Hundreds of thousands of digitised photographs stored across Zurich's major institutional archives contain duplicate entries — identical or near-identical image files catalogued under multiple reference numbers — and the technical and legal decisions about how to clean them up are now overdue. The problem is not new, but pressure to resolve it has sharpened this year as the city prepares to migrate several legacy collections onto a unified open-access platform by the first quarter of 2027.
Why does it matter now? The Stadtarchiv Zürich on Alfred-Escher-Strasse and the ETH Zürich image library both participate in the planned consolidation, which will bring their holdings together with collections from the Zentralbibliothek Zürich on Zähringerplatz into a single searchable portal. If duplicate records are carried over unremedied, archivists warn the merged database will surface conflicting metadata — different dates, photographers, or usage rights attached to what is in fact the same image — making the new platform unreliable from day one. That would undermine a project that has already drawn institutional funding and years of preparatory work.
What Deduplication Actually Involves — and Where It Gets Complicated
Duplicate image replacement is not simply a matter of deleting extra files. Each duplicate record may carry its own rights annotations, donor agreements, or researcher citations. Deleting the wrong canonical version could erase a legitimate usage licence or break an external link cited in a published academic paper. ETH Zürich's e-pics platform alone hosts more than 1.2 million images, and internal assessments have identified duplication rates of between four and nine percent in certain legacy collections imported before 2018, according to documentation circulated at a Swiss digital heritage conference in Bern last November.
The core technical choice facing the institutions is between two approaches. The first is automated hash-matching, which identifies byte-for-byte identical files quickly but misses near-duplicates — the same photograph scanned twice at slightly different resolutions or crops. The second is perceptual hashing combined with manual review, which catches near-duplicates but requires trained staff time measured in months, not weeks. A pilot run conducted by the Zentralbibliothek in late 2025 found that perceptual hashing flagged roughly 23,000 candidate pairs in one subcollection of 180,000 images — a ratio that, if applied across the full merged archive, implies a review workload that cannot be absorbed without dedicated temporary staffing or external contract support.

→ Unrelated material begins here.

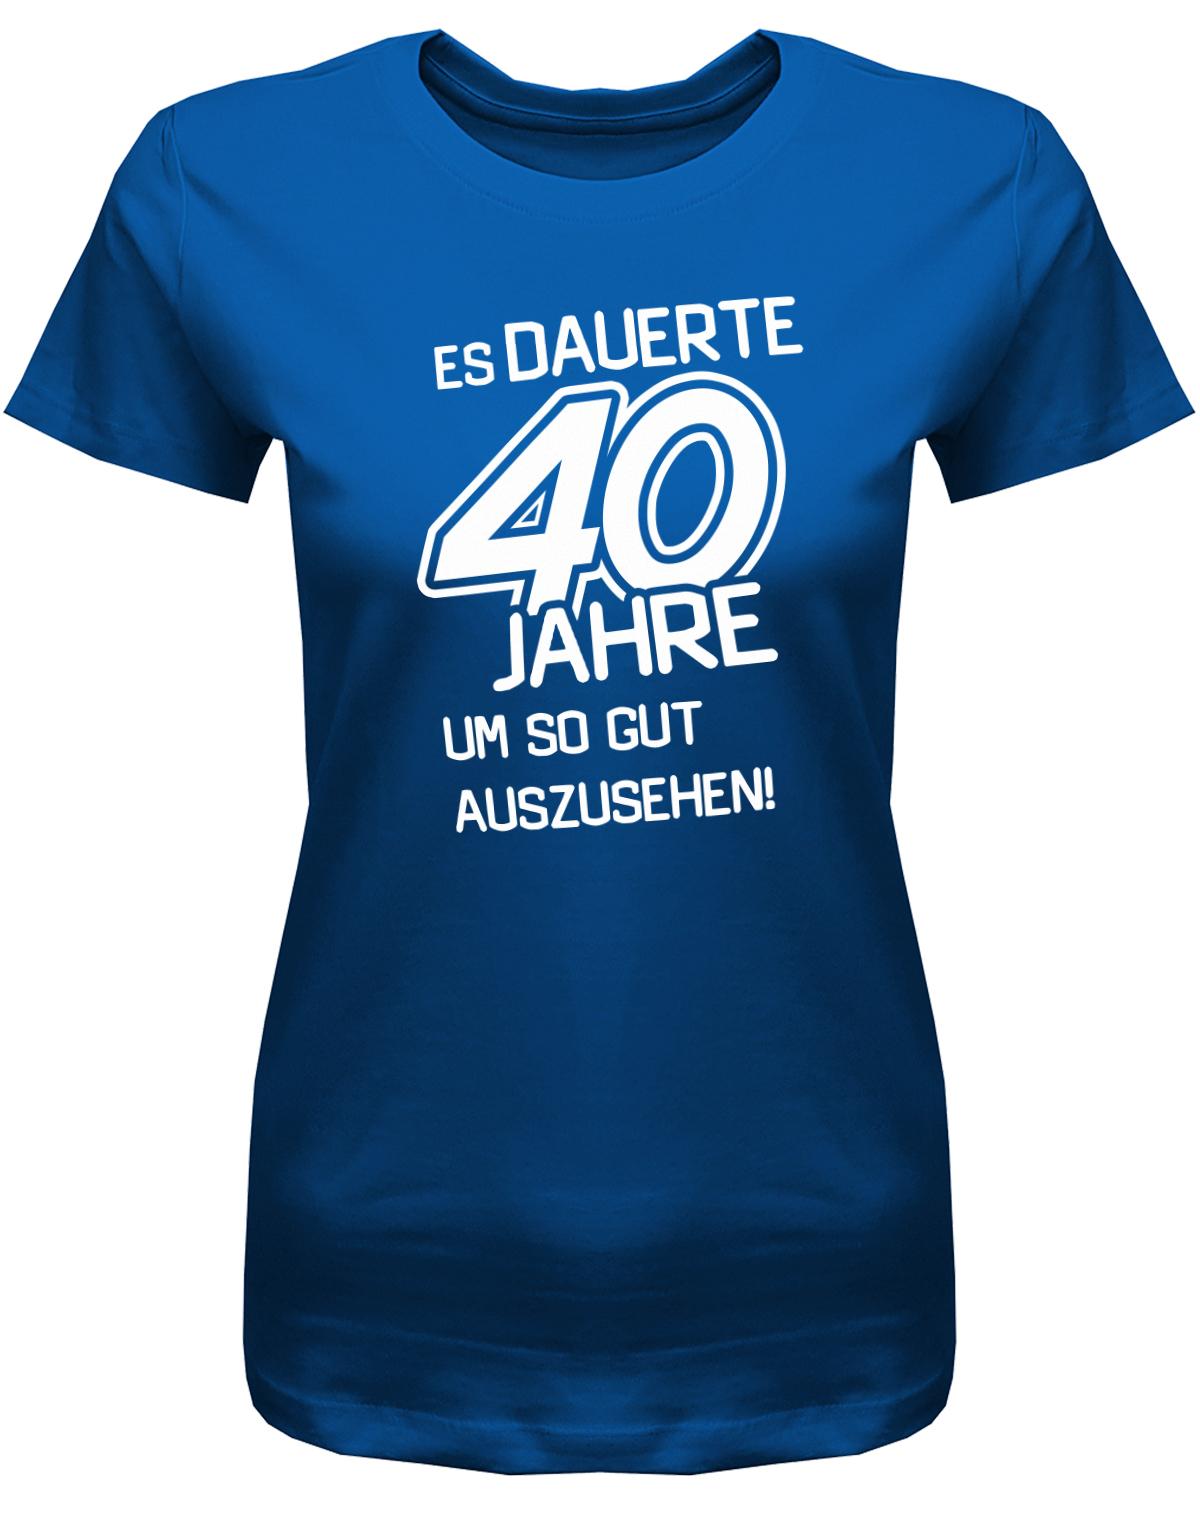 Lustiges T-Shirt zum 40 Geburtstag für die Frau Bedruckt mit Es dauerte 40 Jahre, um so gut auszusehen! Royalblau
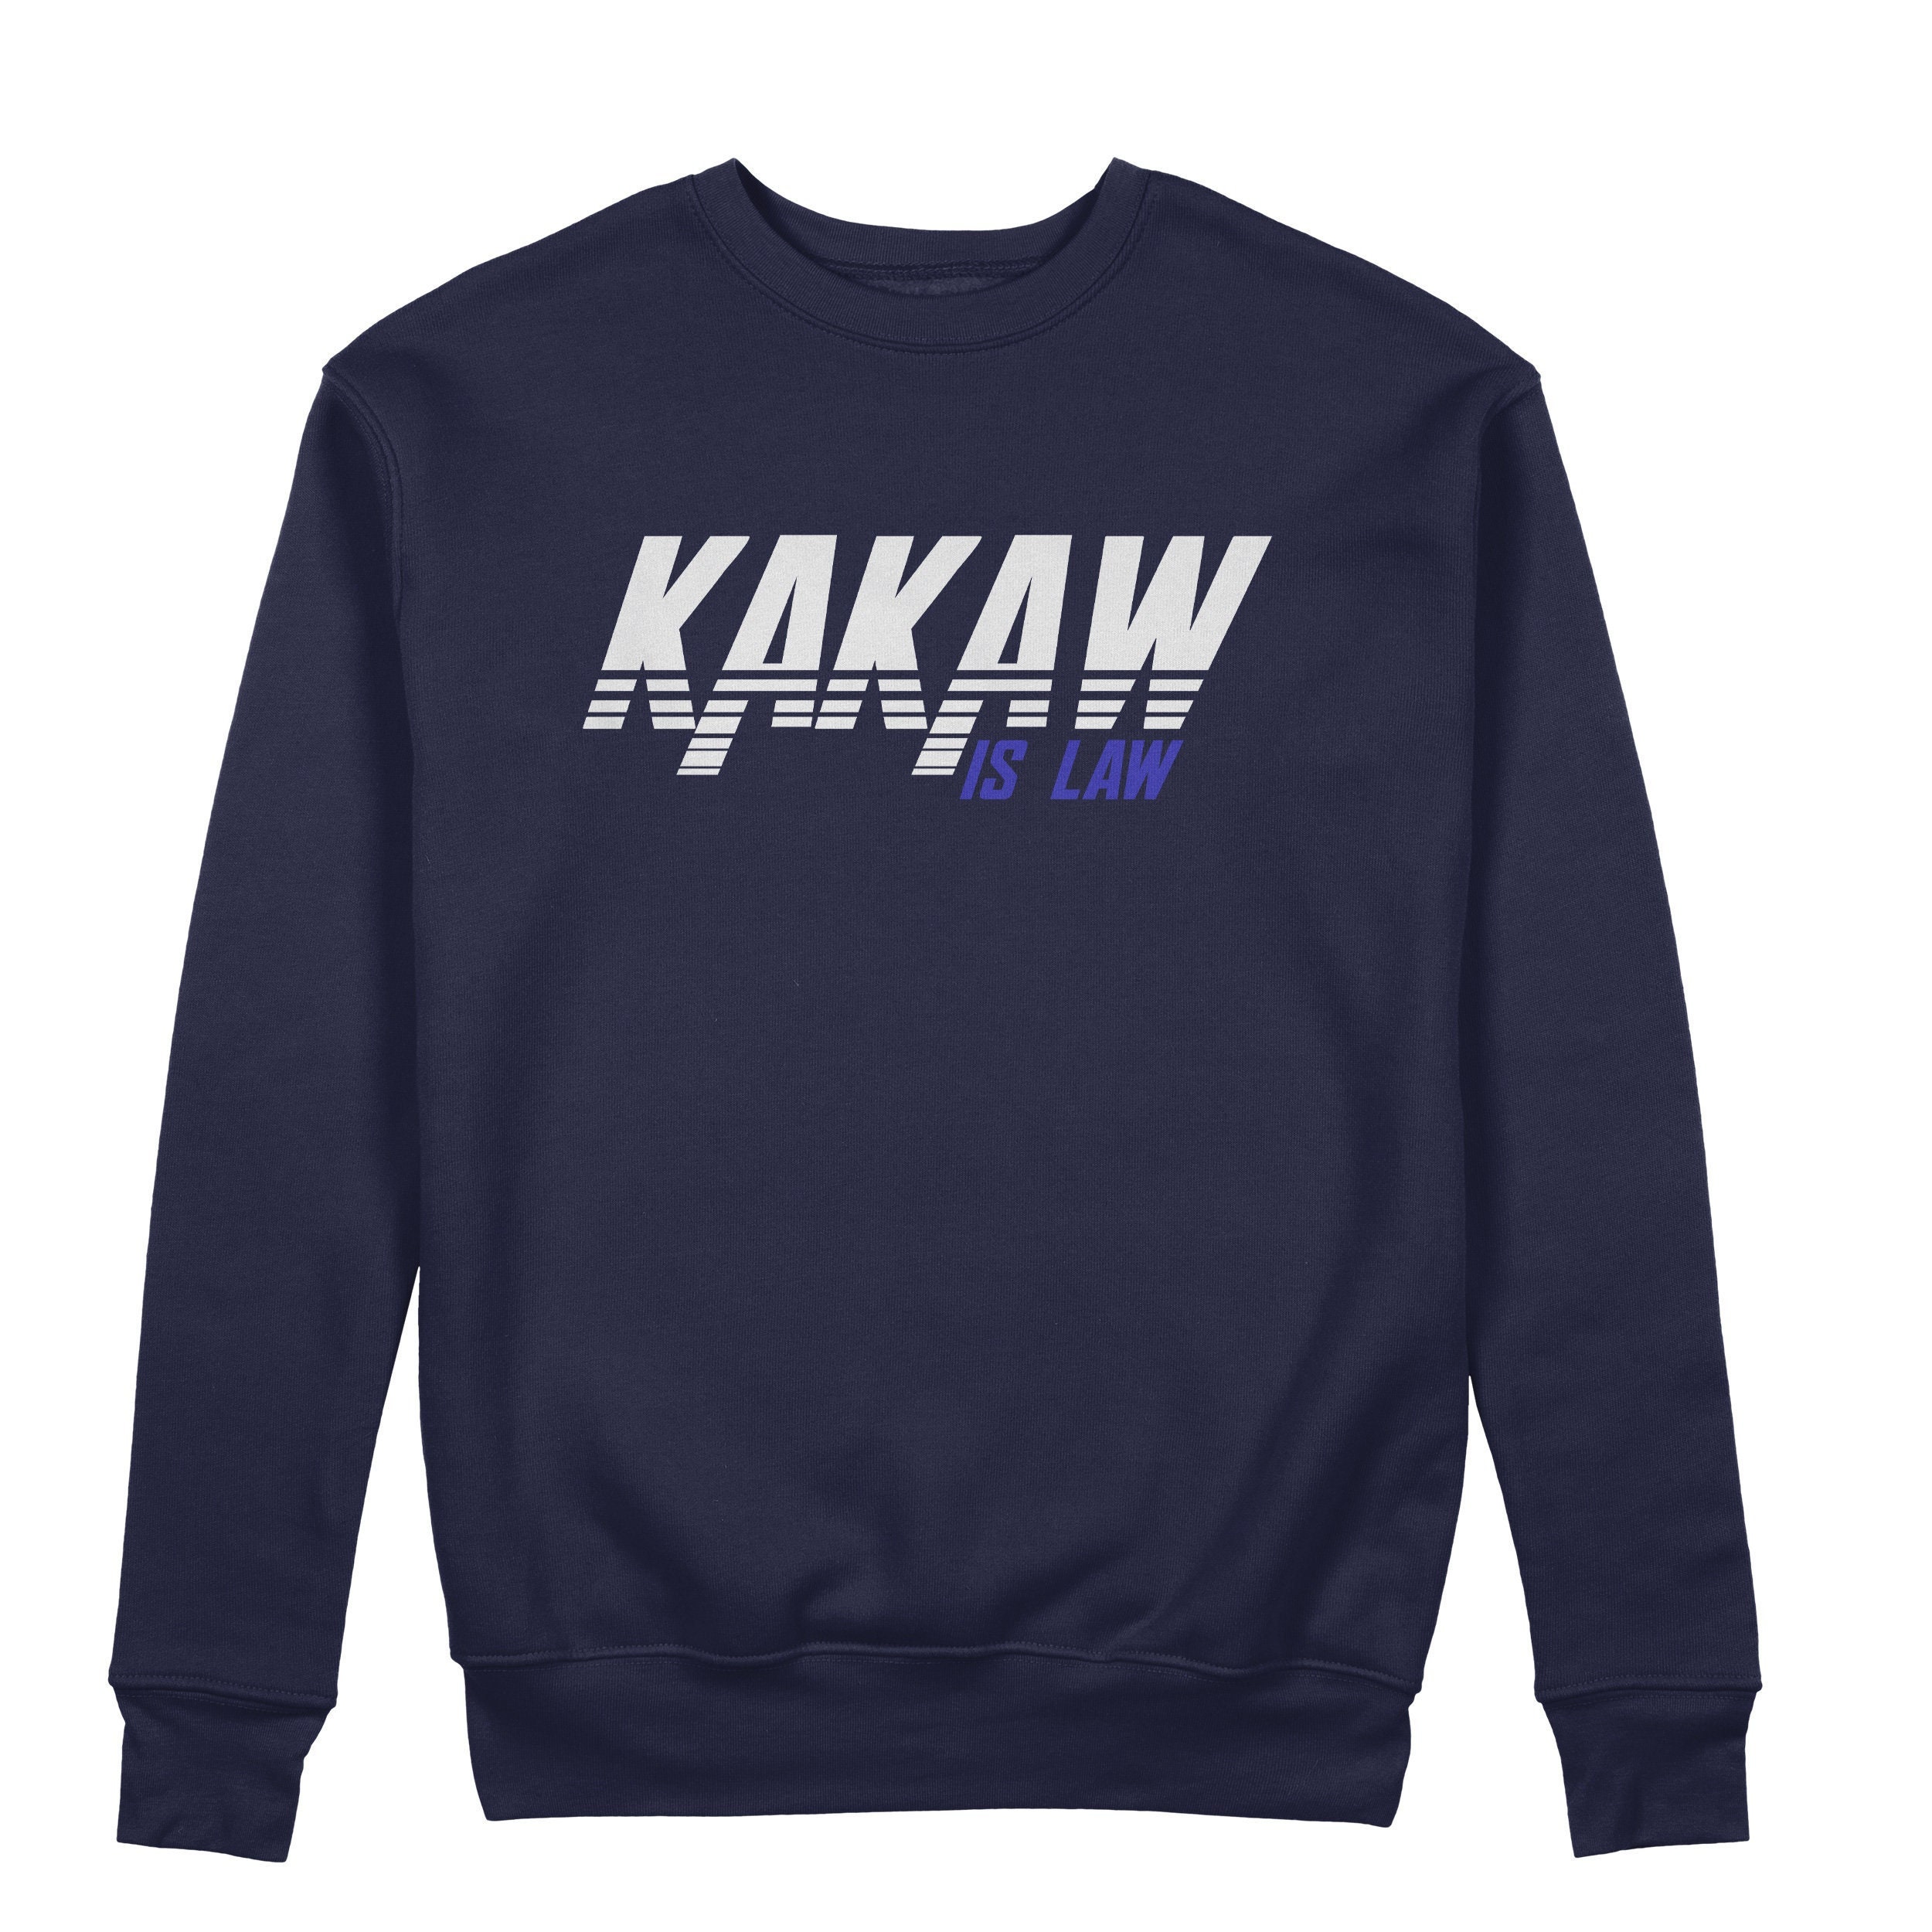 St. Louis Battlehawks Football Ka Kaw shirt, hoodie, sweater, long

Cost is already a friction point. Zurich's cultural institutions operate under the city's Kulturleitbild framework, which sets multi-year budget envelopes rather than allowing flexible mid-cycle hiring. The Stadtarchiv's current budget period runs through December 2026, meaning any request for supplementary funds to hire deduplication contractors would need cantonal approval — a process that typically takes three to four months under normal circumstances.
The Decisions That Will Define the Timeline
Three choices will determine whether the 2027 launch date holds. First, the institutions must agree on a shared metadata standard before October 2026, so that when one record is designated canonical and duplicates are retired, the rights and citation data migrate cleanly rather than being lost. Discussions between the three institutions are ongoing, with a working group meeting scheduled at the Zentralbibliothek in September.
Second, they must decide whether to phase the public launch — opening non-duplicate-prone collections first while continuing to clean others behind the scenes — or delay the entire platform until the full corpus is resolved. A phased launch carries reputational risk if users encounter obvious errors early; a full delay pushes the project past municipal election season in spring 2027, when institutional priorities tend to shift.
Third, and most consequentially, is the question of public transparency. Under Swiss data protection law and the city's own open-government commitments, researchers who have previously cited archived image reference numbers deserve notification if those numbers are retired. Building that notification system adds development cost but avoids the alternative: a wave of broken citations in academic literature that would damage the credibility of Zurich's archival infrastructure for years to come.
The September working group meeting is the next firm deadline. What comes out of it — a phased timeline, a funding request, or a revised scope — will set the terms for everything that follows before the 2027 go-live date.